That is different problem. The problem here is mainly with NFS hard mount. If NFS connection is lost it never timeout. bug 1901335 is about IO error in general.
Ondra, There exists a PR https://github.com/kubevirt/kubevirt/pull/5401 that addresses the somewhat related BZ: https://bugzilla.redhat.com/show_bug.cgi?id=1901335 The PR above pauses the VM on IO Errors. Given this context, how do IO errors specifically related to NFS differ from the general case?
Stu, We used couple of methods to cause IO errors. One of the cases was to cause connection issue between NFS share and server. In the past this issue cause headache in vdsm to handle it correctly. In general handling any io errors should be done in similar way but nfs seems to be tricky. I would just make sure that NFS is not causing any additional issues.
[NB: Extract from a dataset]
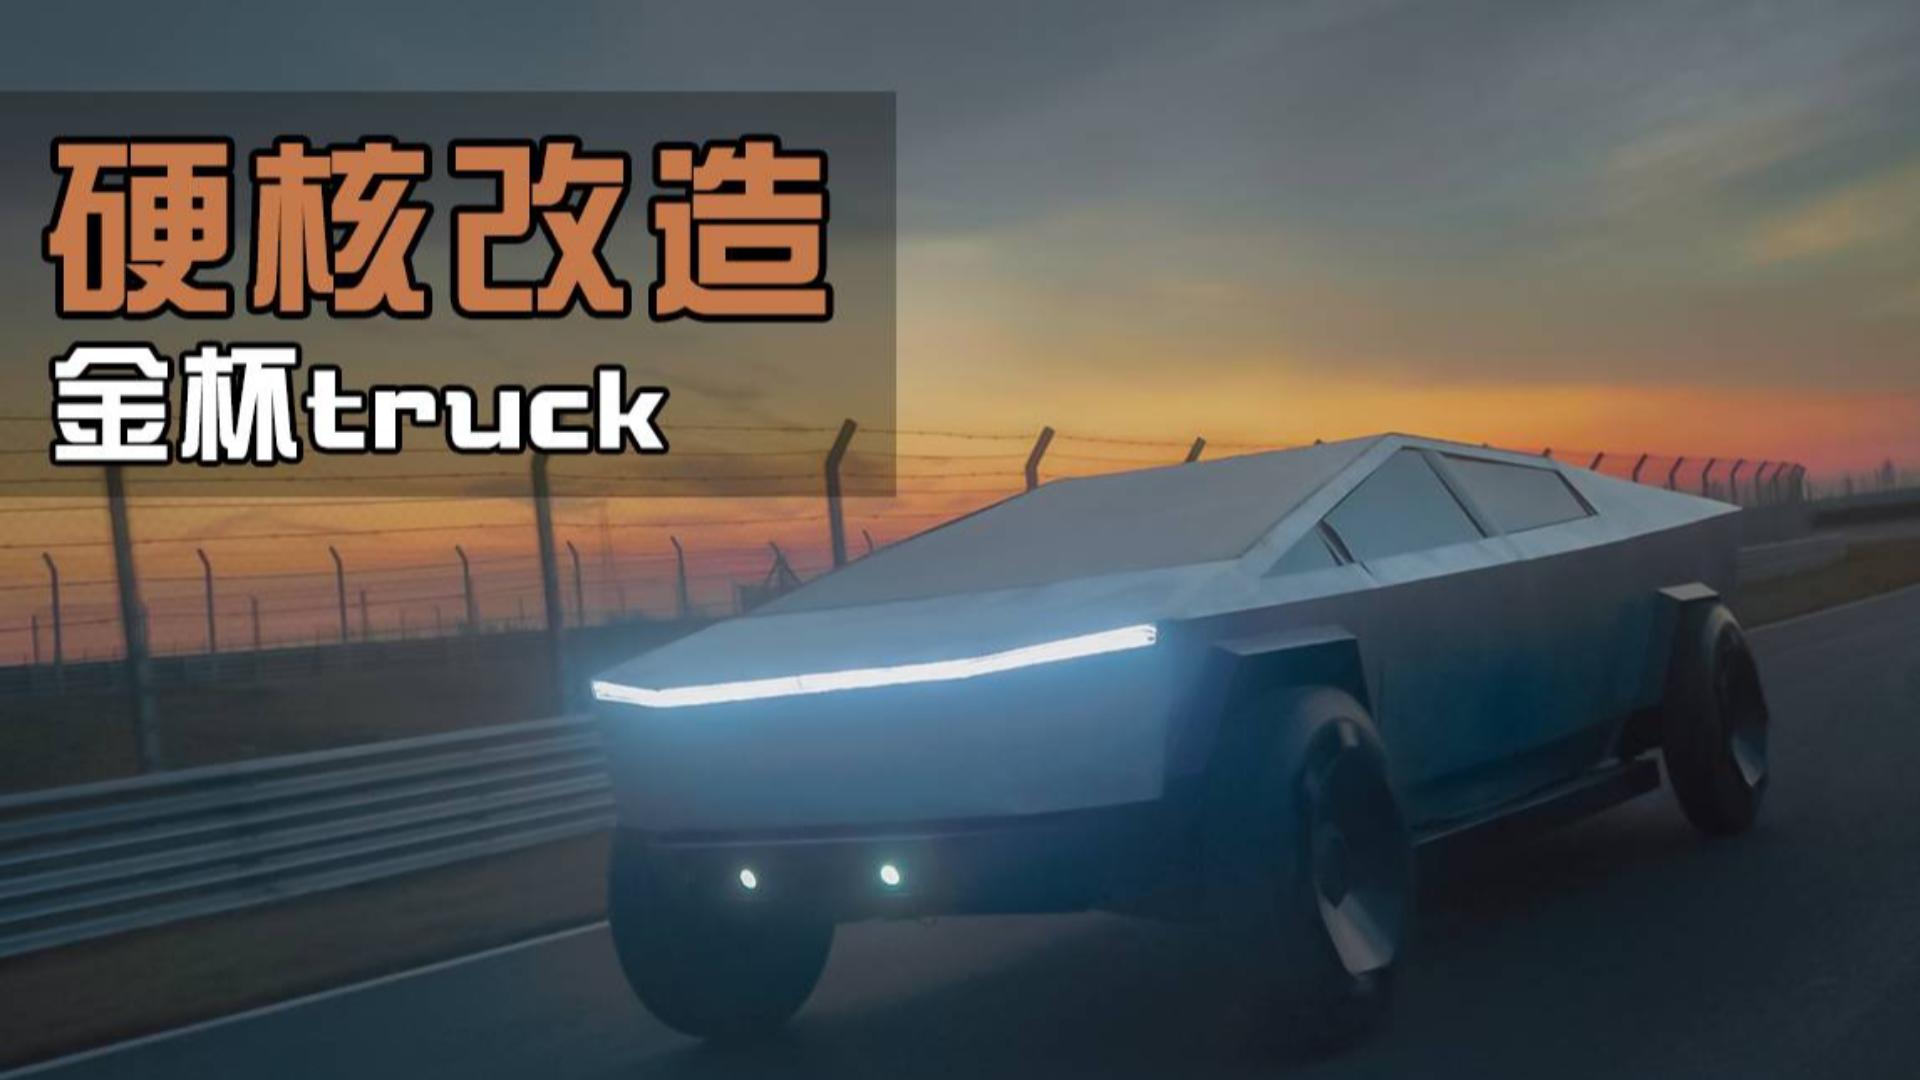 报废面包车改造特斯拉CyberTruck
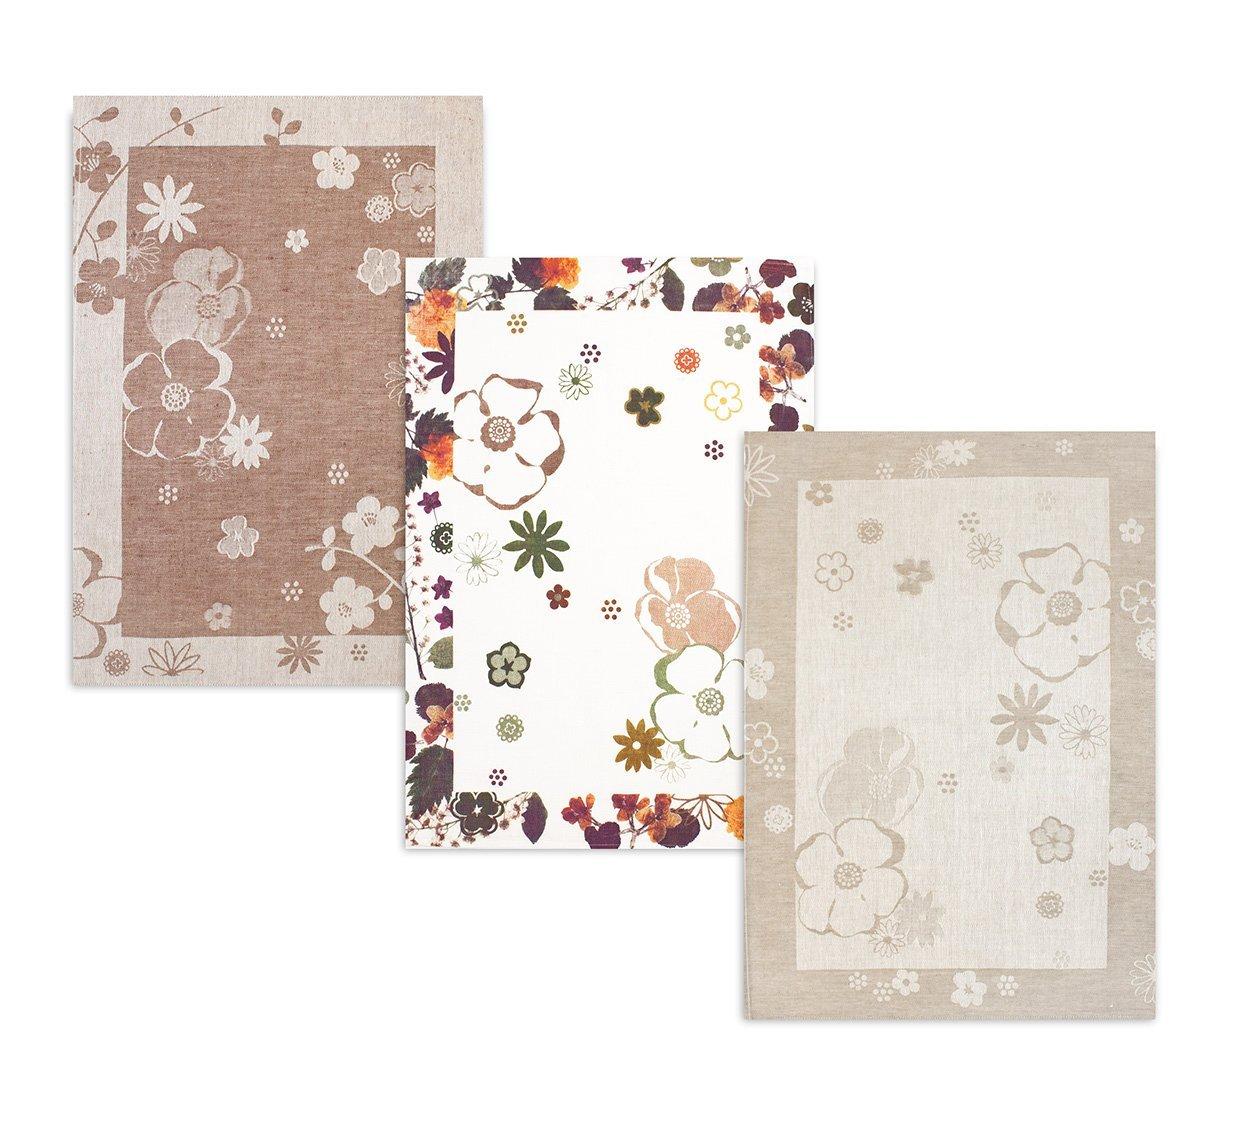 Комплект полотенец 3шт (50x70) 15c60 Цветы

The BZ mentioned in Comment #4 addresses error handling at the KubeVirt level. If the error is not propagated at all, that's an issue at a lower level. Re-assigned this to the Node component. Please re-assign if this is incorrect.
I don't think node is the right component. we cover Kubelet and CRI-O, and this bug doesn't seem to be an issue with either. What "lower level" are you looking for?
This is an issue related to NFS PVC's not reporting any status/errors. I was of the impression that CRI-O was involved in that. Sorry for the confusion.
Ah I believe that is in storage's department, moving there
I am not sure I understand the issue. A VM running in a Pod uses a NFS volume and the NFS server becomes unavailable? Kubernetes (kubelet) makes sure that a correct volume is mounted into the right pod, which probably happened in this case. However, after that, kubelet stays out of the data path. It's between NFS filesystem / NFS client in kernel and NFS server now. From what I remember, I/O calls, such as read(), never return when the NFS server becomes unavailable. Is it the issue you're trying to solve? I am afraid OCP can't help here much.
Jan, please take a look at comment #2. The idea is to handle NFS issues and let the user know that there is an issue as well as recover when the connection/nfs server is restored.
Kubernetes currently does not monitor mounted volumes. It's on our long-term TODO list (upstream), however, it will take some time until it's fully implemented & graduates to GA, see https://kubernetes.io/docs/concepts/storage/volume-health-monitoring/. It's alpha in 1.21 and it will stay alpha in 1.22 for sure. In addition, it needs explicit support in a CSI driver. If you insist, we may turn this into OCP RFE, not sure if it can speed things up. What I recommend in applications (Pods) is to have liveness probe that check if the application is running, which should include some code path that checks if the application can access the storage it needs. For VMs, it would make sense to have a probe to poke all VM's volumes once in a while. The Pod will be then killed when it looses connection to the NFS server for a defined time. Alternatively, you can use soft nfs mounts + a timeout. Or do some meonitoring in qemu / vdsm. Would any of the above be enough for you?
Base on your description it indeed looks more like RFE than BZ. Please paste a reference link where the RFE is tracked. Thanks!
I created https://issues.redhat.com/browse/RFE-2032. A link to customer case would help a lot to prioritize the request!